Let $a,b : I \to \mathbb{R}$ be differentiable functions, and $m: I \to \mathbb{R}^2$ be a function such that $m(t)=(a(t),b(t))$.
Further, let there be a differentiable function $f:\mathbb{R}^2\to\mathbb{R}$, and let $z:I\to\mathbb{R}$, $z(t)=f(a(t),b(t))$.
We wish to find $\frac{dz}{dt}$.
We know that $\frac{dz}{dt}=D(z)(t)$. (Total derivative)
So $$D(z)(t)=D(f\circ m)(t)=D(f)(m(t)).D(m)(t)$$ (Chain rule) $$D(f)(m(t))=[\frac{\partial f}{\partial x}(m(t)) \space\space\space\frac{\partial f}{\partial y}(m(t))]$$ By this I mean, partial derivative of $f$ w.r.t $x$ at $m(t)$. $$ D(m)(t)= \left[ {\begin{array}{c} \frac{da}{dt} \\ \frac{db}{dt} \\ \end{array} } \right] $$. Multiplying both gives, $$\frac{dz}{dt}=\frac{\partial f}{\partial x}.\frac{da}{dt}+\frac{\partial f}{\partial y}.\frac{db}{dt}$$ Now how to express this in terms of $z$ only not $f$?
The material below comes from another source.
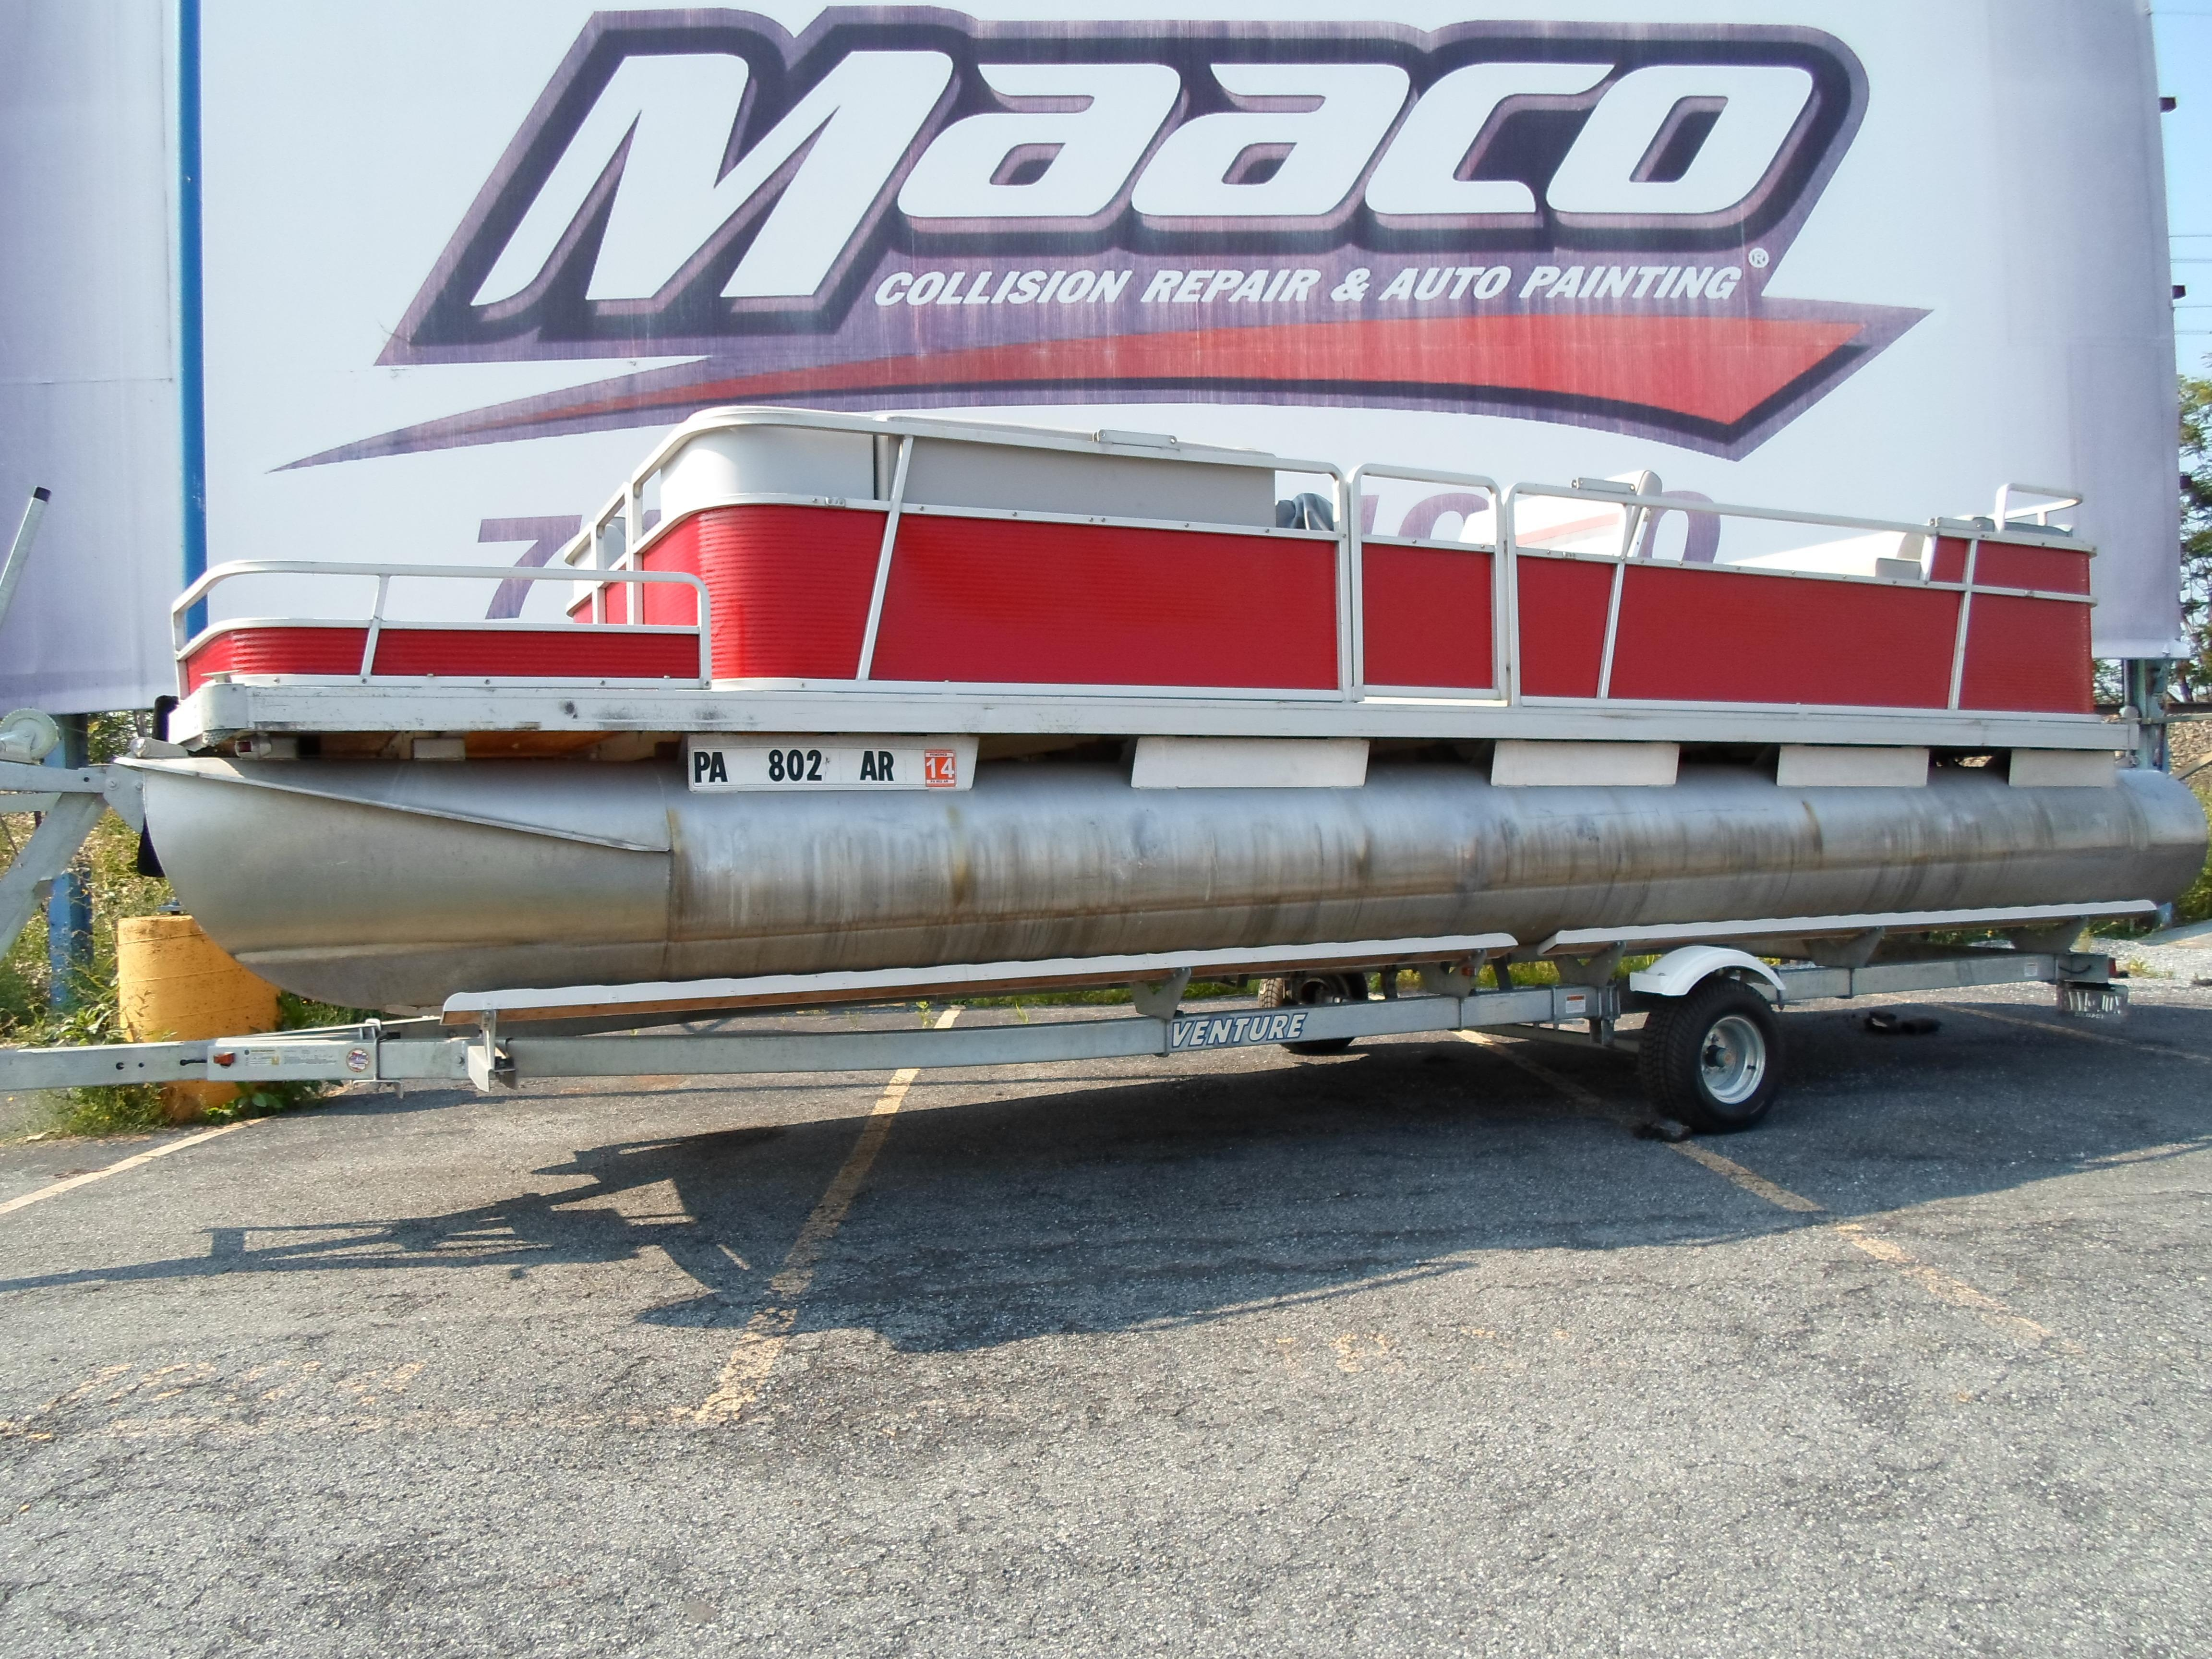 Maaco Collision Repair & Auto Painting image 9

According to the book I have, the answer is $$\frac{dz}{dt}=\frac{\partial z}{\partial a}.\frac{da}{dt}+\frac{\partial z}{\partial b}.\frac{db}{dt}$$ Also, what is the meaning of $\frac{\partial z}{\partial a}$ according to the definition?